Friday, January 16, 2015

Titanic: A case study for predictive analysis on R (Part 3)

In our previous attempt, we applied some machine learning techniques to our data and predicted the values for target variable using AgeGroup, Sex, Pclass and Embarked attributes. Now, we will further explore other attributes and see how much information we can extract.

This time, instead of keeping test set apart, we will merge it into the training data set. This will enable us to collect complete range of values for each attribute, in case there are some missing outs in training set:

> dataset$Dataset <- 'train'
> testset$Dataset <- 'test'
> testset$Survived <- 0
> dataset <- rbind(dataset, testset[,c(1,13,2:12)])

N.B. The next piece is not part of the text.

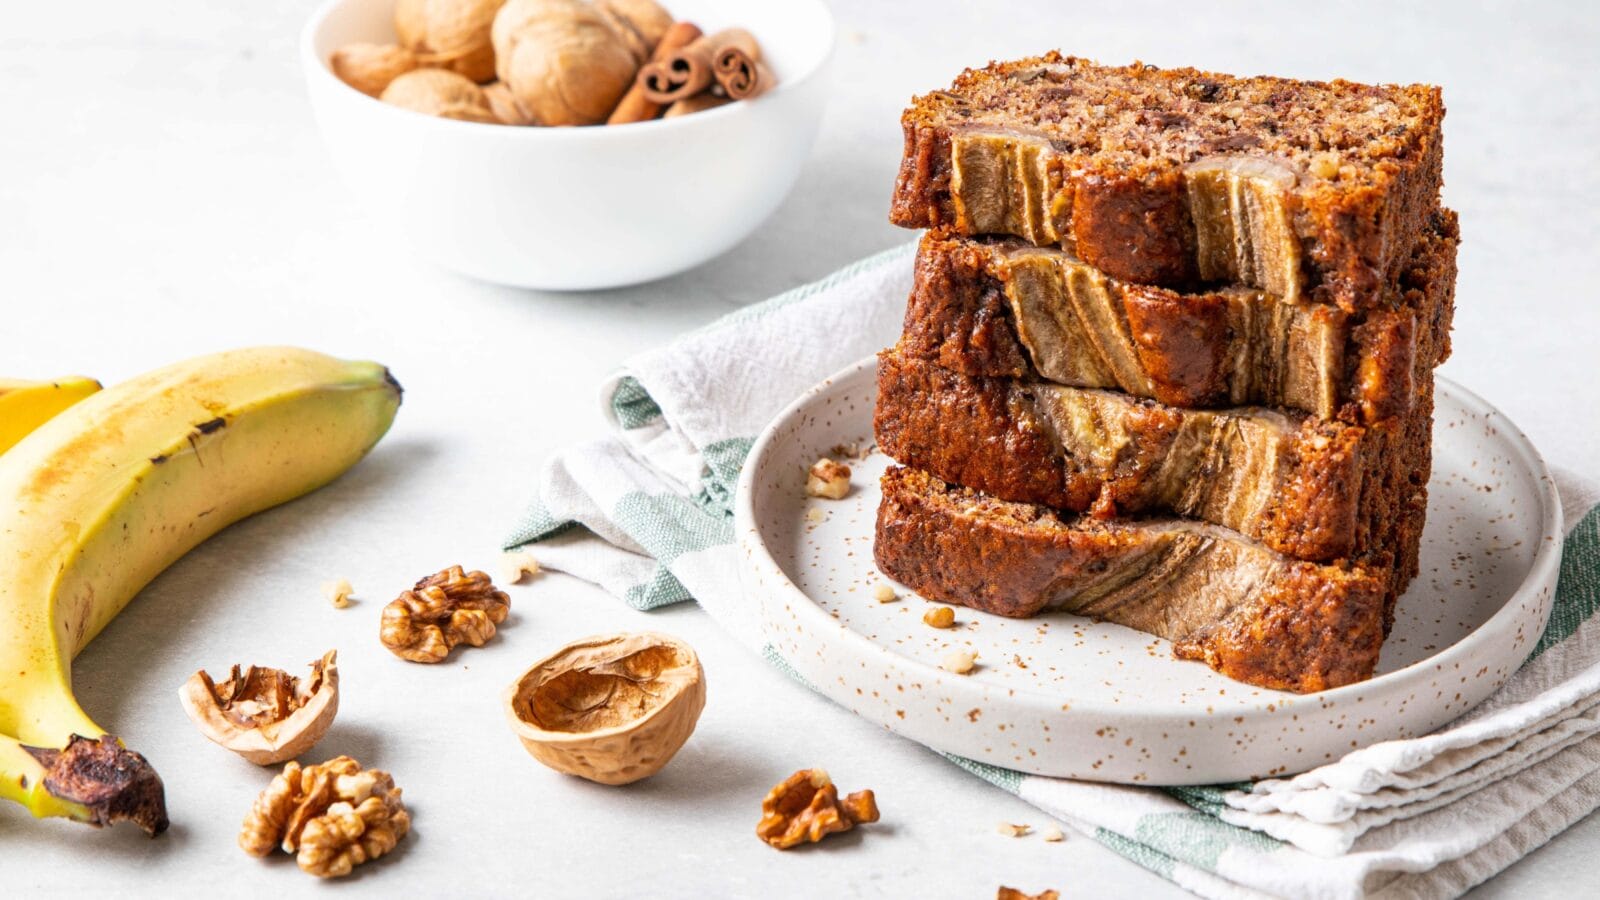 Pieces of american homemade sliced banana bread with chopped walnuts, chocolate and cinnamon.

This may look a strange way to merge two data sets, but here's some explanation. The first line adds a column Survived to testset, so that both the dataset and testset have identical columns. The next two lines add another column to identify whether a record is from training set or test set. The last line merges both the data sets using rbind (row bind) function. In the parameters, we defined column sequence of testset so that it is identical to dataset, because when we added Survived column to test set, it went at the end, while in training set, it was 2nd in order.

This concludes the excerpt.